Constant perusing of the PriceNetwork.ca Aquarium Classifieds section is a bad thing. It can only lead to loss of precious cash with all the deals one can find. One of those days, someone posted a nice Hagen 120 Gallon for sale. I instantly fell in love with the tank. However, I am new to the hobby and just started up a 29 Gallon planted which I had already spent quite a fair share of money on. So I decided to hold back and await for someone to jump at the sale.

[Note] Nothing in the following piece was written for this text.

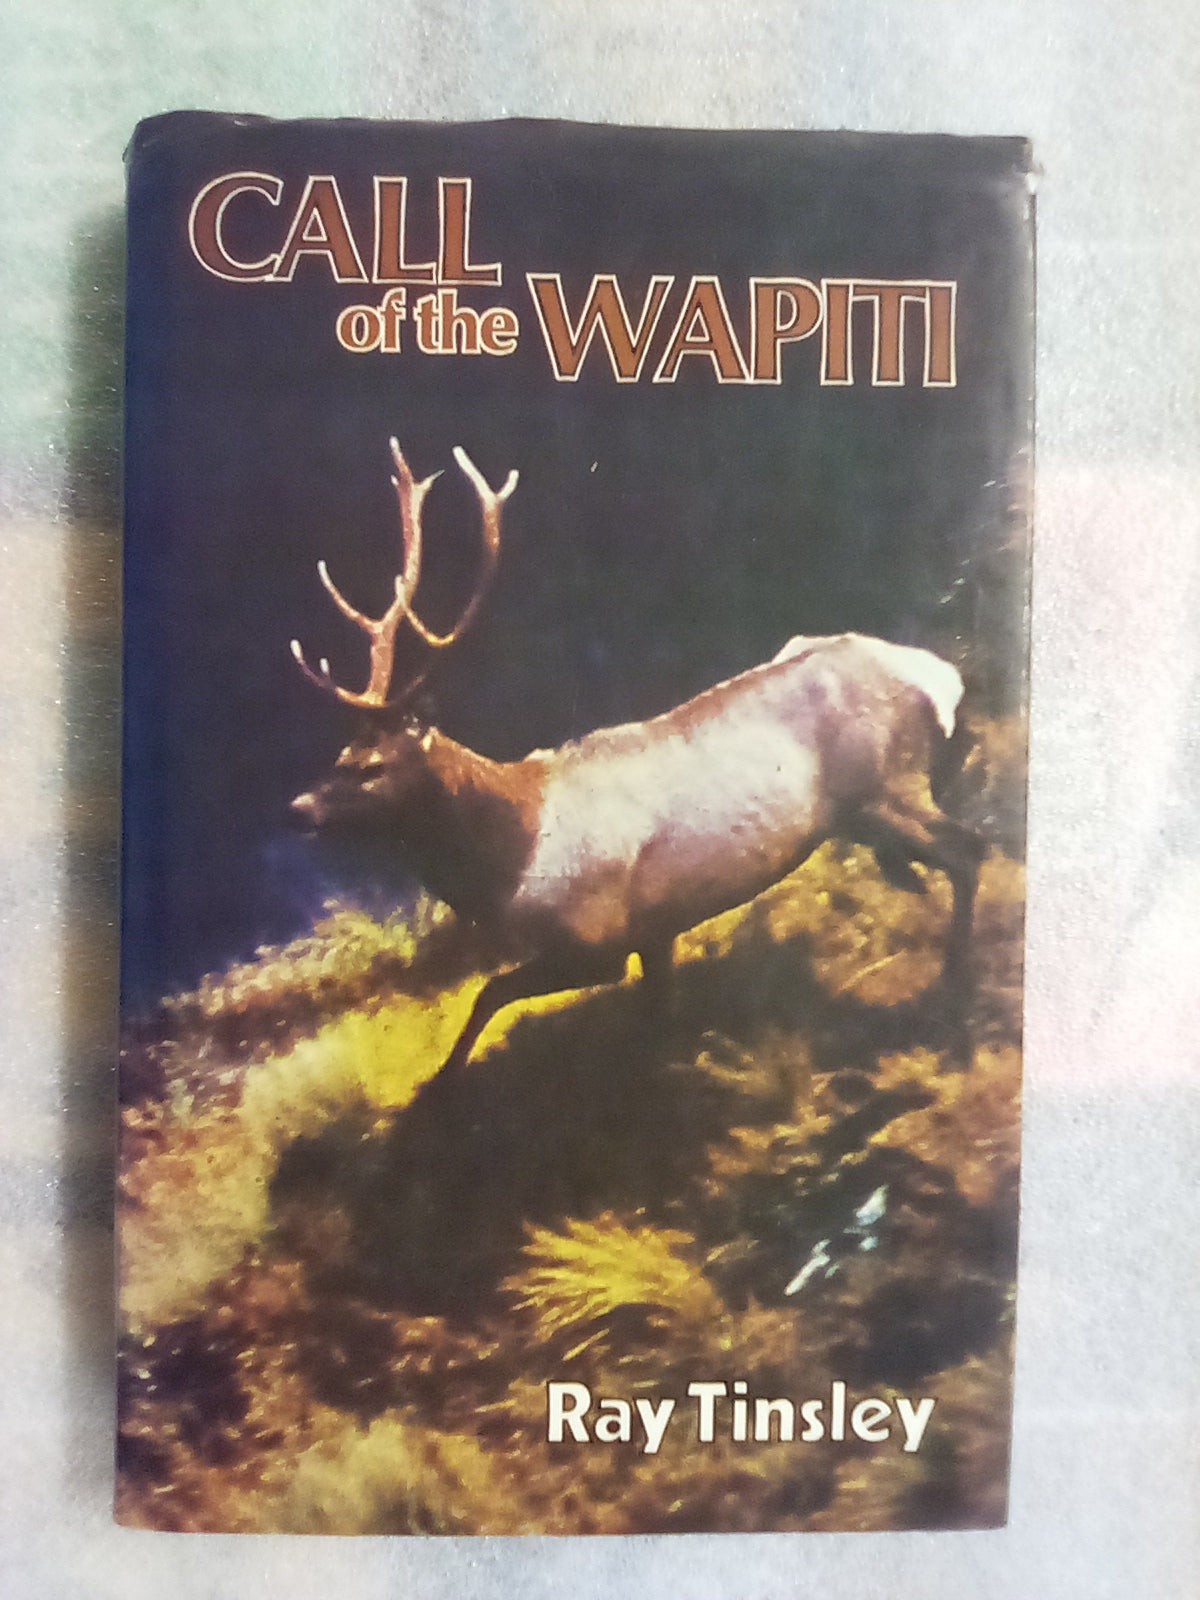 Call of the Wapiti (1979) by Ray Tinsley

Two weeks later, the Aquarium fever has taken me in full force. I had somehow managed to convince myself that my next tank will be Marine. I kept talking about it that my wife was also convinced and expected me to do so. I kept on checking the 120g on sale and saw that the seller had a lot of nibbles but never anything concrete. I finally couldn't fight the fever and sent an inquiry to the seller. He lowered the price for me and still included some Tangayanikan Cichlids with the tank.

In my mind, I was going to turn the tank into SW but I also didn't want to say no to the fishes. After thinking about the situation over and over, I finally came to my senses. A Marine tank would be too much for a newbie like myself at the moment. I also looked at the cost of setting up a tank and it was quite astronomical. So I decided to take the fishes and setup a Tangayanikan tank.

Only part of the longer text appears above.